Colors and Palettes

Some display devices and printers display only monochrome images; others use hundreds, thousands, or even millions of colors. You should design your applications to display properly on devices with a variety of color capabilities.

The color range available to a display device is determined primarily by the pixel depth that it supports. Pixel depth is measured in bits per pixel (bpp). Each bit can have a value of 1 or 0. A pixel depth of 1 bit per pixel allows only two values, black and white. A pixel depth of 2-bpp has four possible color values or all possible combinations of 0s and 1s with two bits. In general, the number of possible colors is equal to 2 raised to the power of the pixel depth. Windows CE supports pixel depths of 1-, 2-, 4-, 8-, 16-, 24-, and 32-bpp.

Note Windows CE supports a pixel depth of 2-bpp, which is not supported in Windows-based desktop platforms.

A color palette is an array that contains the color values that can be displayed or drawn on a output device. Color palettes are used by devices that can only display a subset of their potential colors at any specified time.

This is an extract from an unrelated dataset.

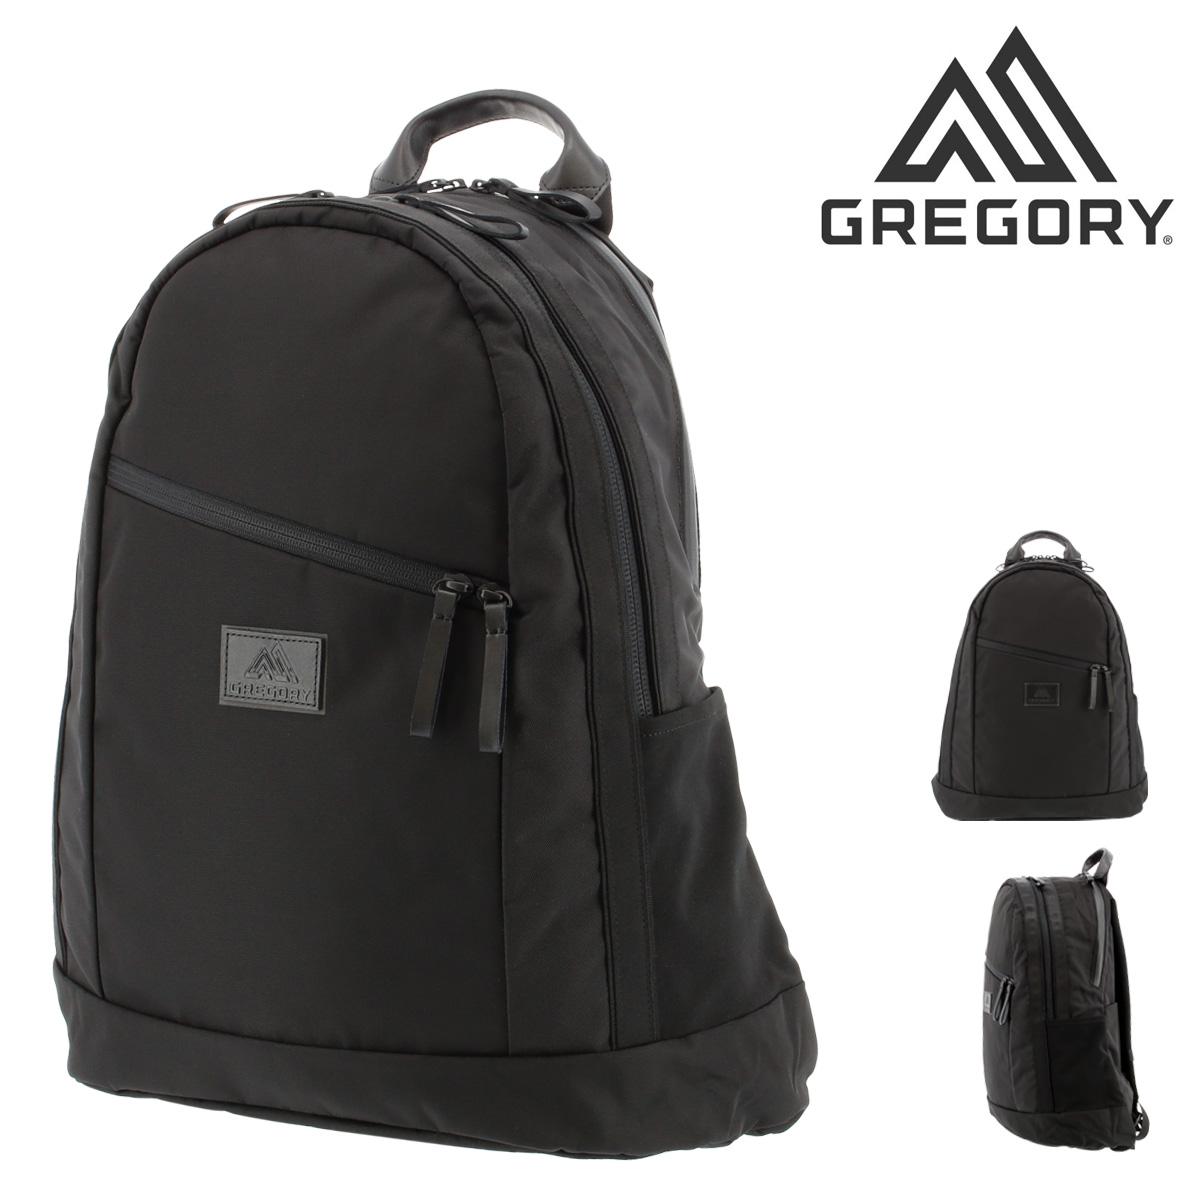 グレゴリー リュック B4 メンズPLG-407 GREGORY | リュックサック[即日発送]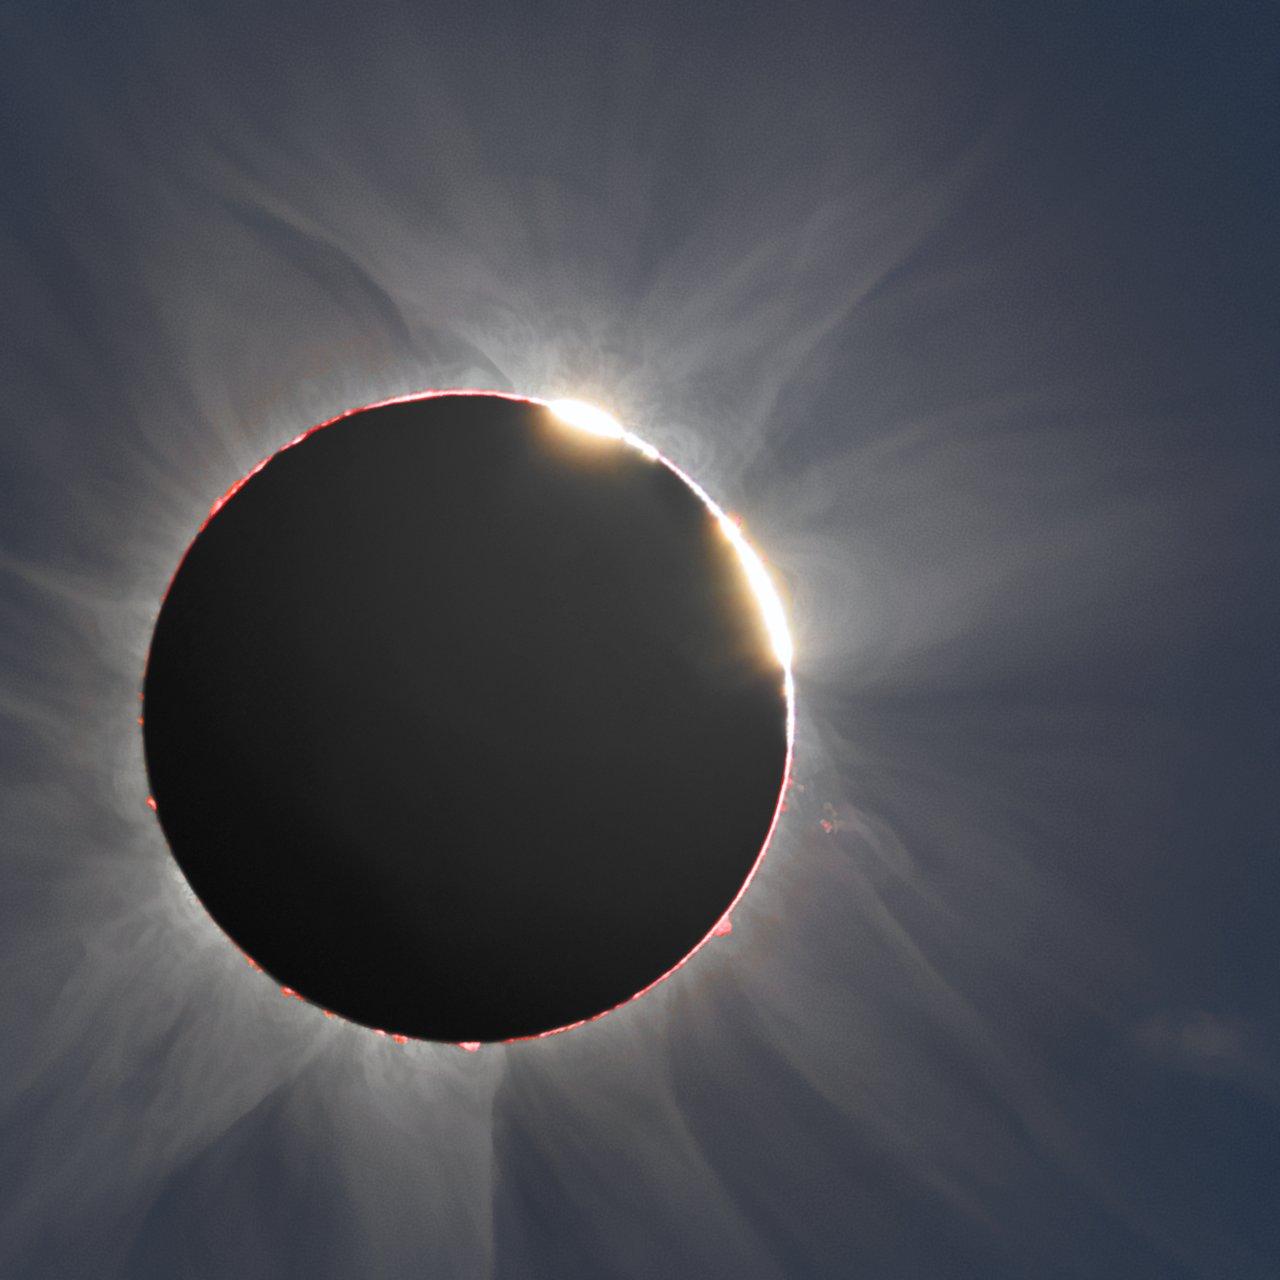 2019 Total Solar Eclipse Event at ESO's La Silla Observatory

Each time you create a device context, Windows CE creates a default palette for that device context. Windows CE has no standard color palette. It assigns colors to a bitmap based on the bitmap's associated color table. If an image has no color table, Windows uses the color palette in the currently selected device context.

The default palette typically has 256 entries (colors), though the exact number varies. The device determines which colors are in the default palette. Display devices, for example, often use the 16 standard VGA colors and 4 other Window-defined colors. Printer devices may use other default colors.

If you specify a pen or text color that is not in the default palette, Windows CE will approximate the color with the closest color in the palette.

You cannot change the entries in the default palette. However, you can create your own logical palette and select the palette into a device context in place of the default palette. You can use logical palettes to define and use colors that meet your specific needs. Windows CE enables you to create multiple logical palettes. You can attach each logical palette to a unique device context or you can switch between multiple logical palettes in a single device context.

Windows CE supports both palettized and non-palettized color display devices. Palettized devices have a color palette coded directly into their display card. Non-palettized devices use the pixels' bit values in the frame buffer to directly define colors in terms of their red, green, and blue values. You can use the GetDeviceCaps function to determine whether or not a device supports color palettes.